I am sorry that Annie is not well...Lots of hugs from CT, she is such a sweet girl!


----------



## Penny & Maggie's Mom (Oct 4, 2007)

Micro-tek shampoo...... will help immensely. www.eqyss.com


----------



## Nicole74 (May 30, 2009)

I do have some probiotics in my cabinet for my daughter when she was on antibiotics due to severe case of strep. My girl had strep for a month and it took a while to clear it! I didn't know I could give this to the dogs. I will try it. I sure all the stress from the humane society to here, then the multiple vet's trip stress Annie out.

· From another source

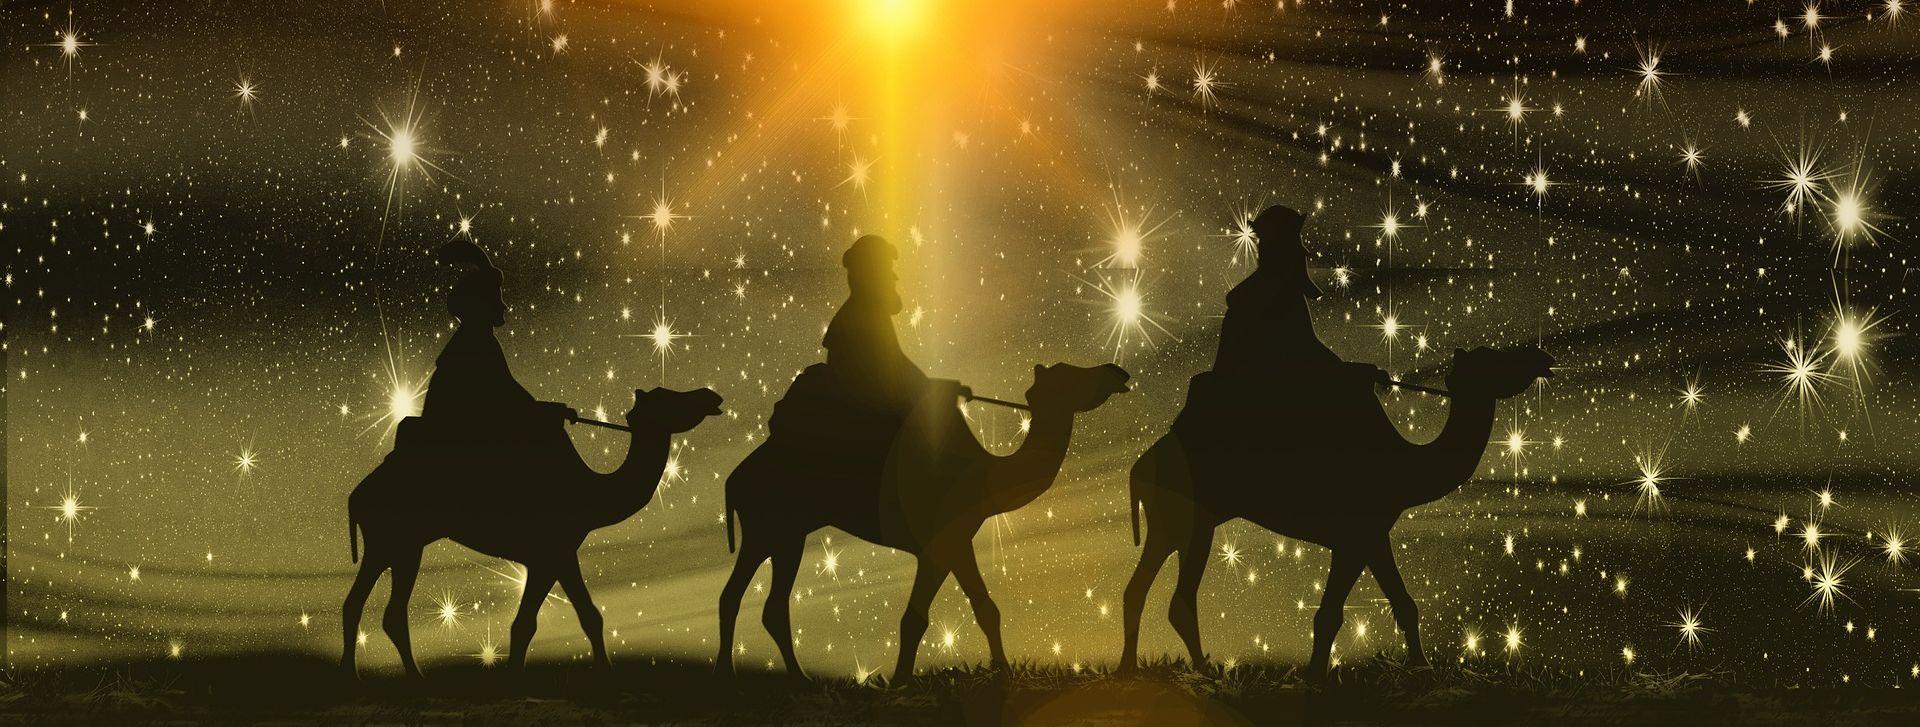 Danas je blagdan Sveta tri kralja, Bogojavljenje i Vodokršće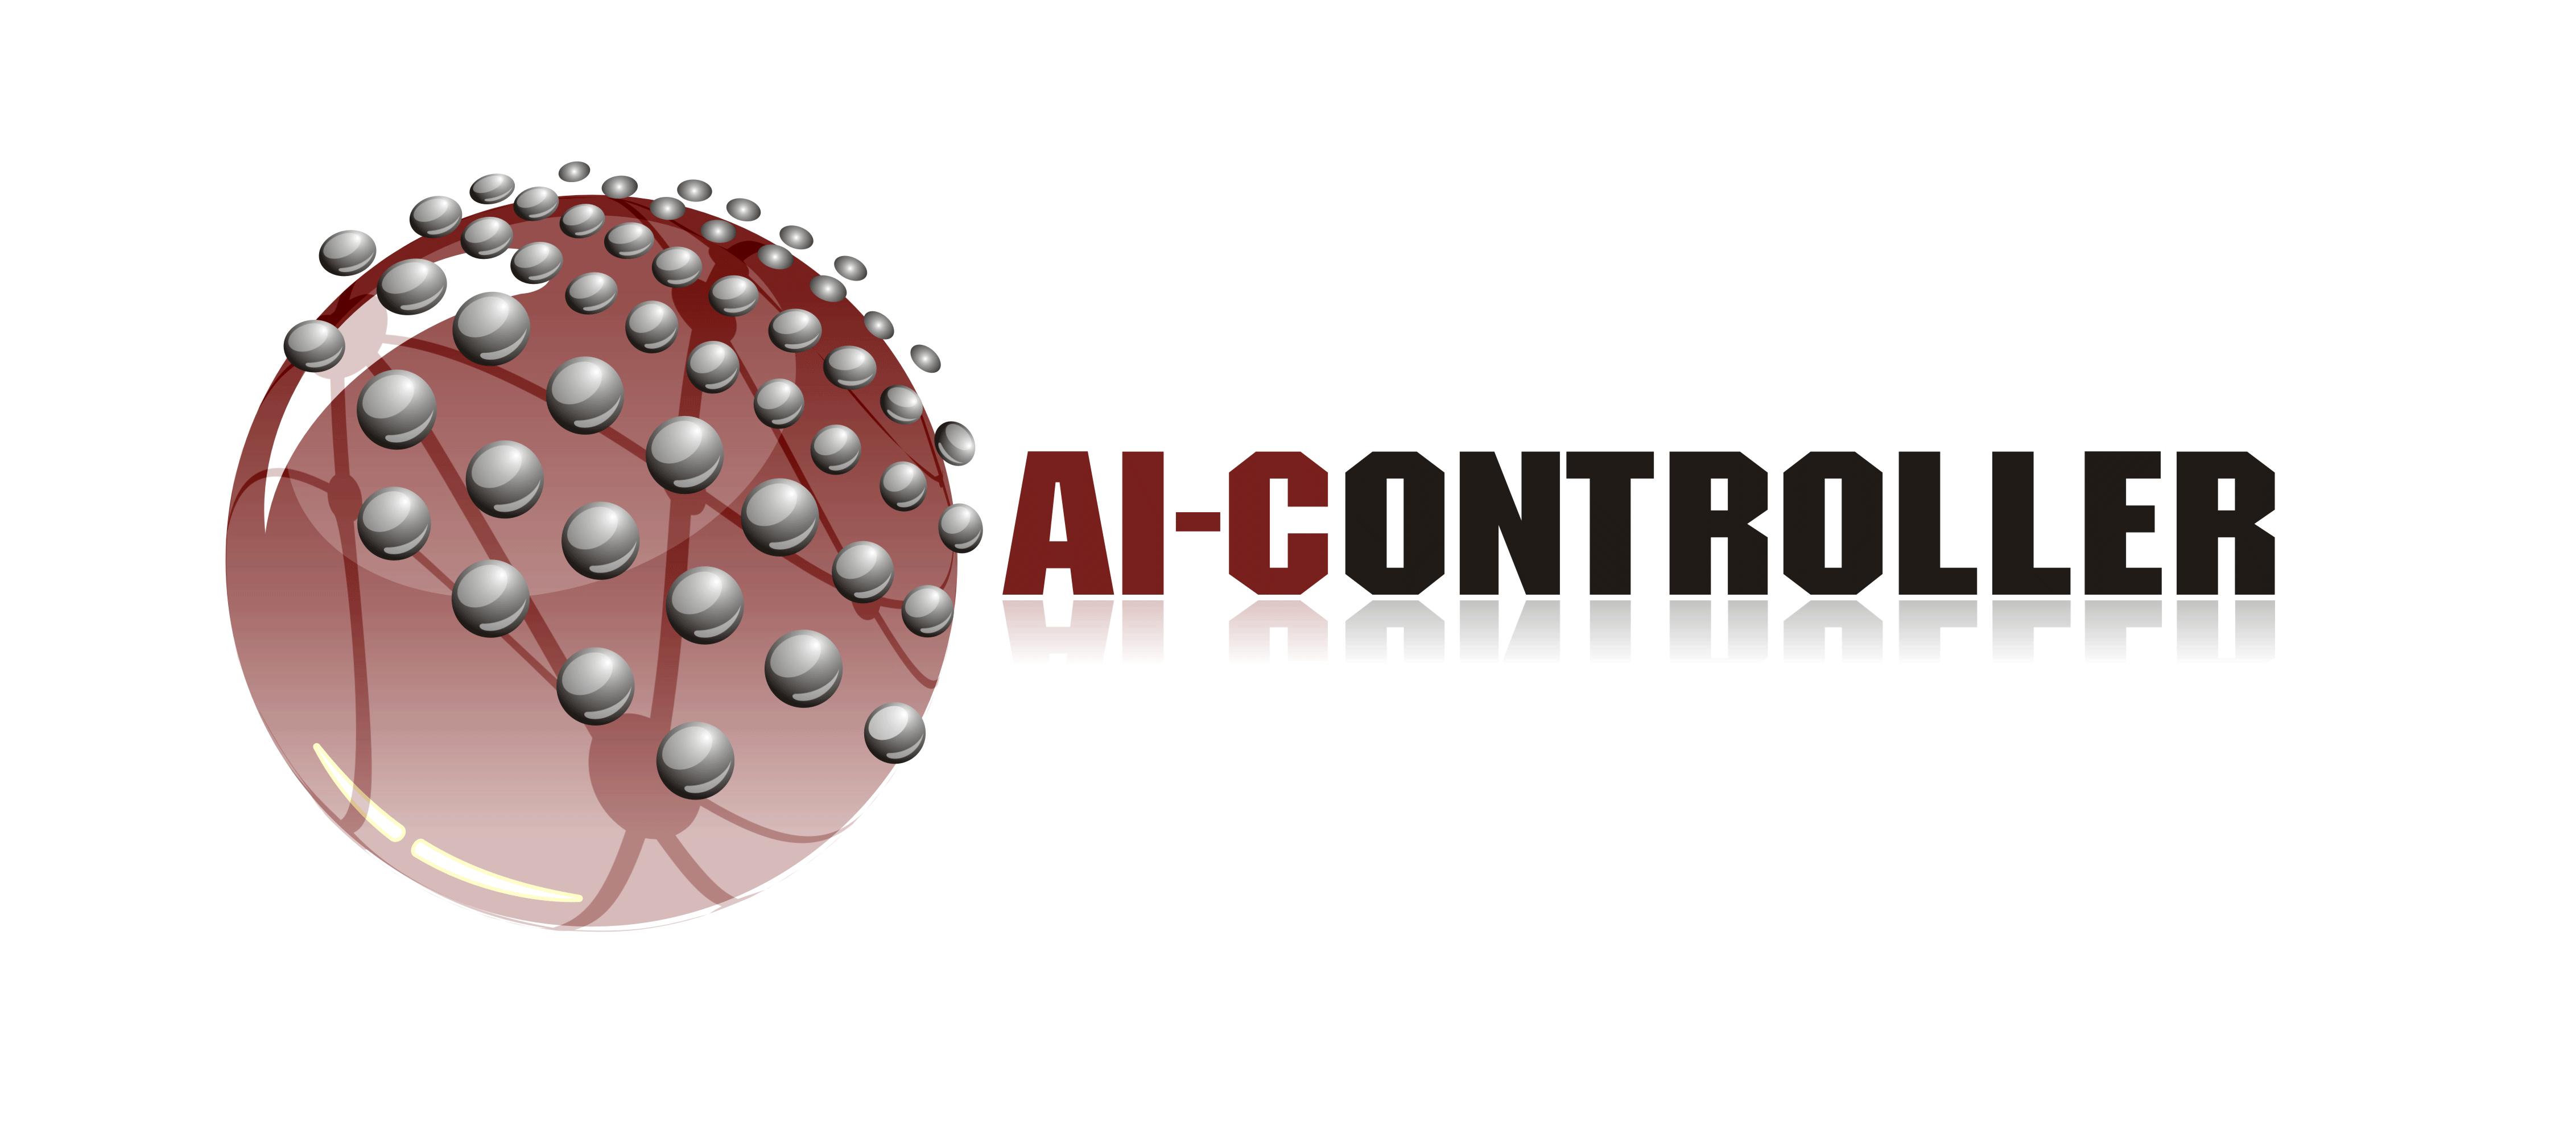 Ingenieros Ai-controller

Thanks for the shampoo tip! I see in the add that you can use it on ourselves too! I like all natural products for myself as well!


----------



## Penny & Maggie's Mom (Oct 4, 2007)

Nicole74 said:


> I do have some probiotics in my cabinet for my daughter when she was on antibiotics due to severe case of strep. My girl had strep for a month and it took a while to clear it! I didn't know I could give this to the dogs. I will try it. I sure all the stress from the humane society to here, then the multiple vet's trip stress Annie out.
> 
> Thanks for the shampoo tip! I see in the add that you can use it on ourselves too! I like all natural products for myself as well!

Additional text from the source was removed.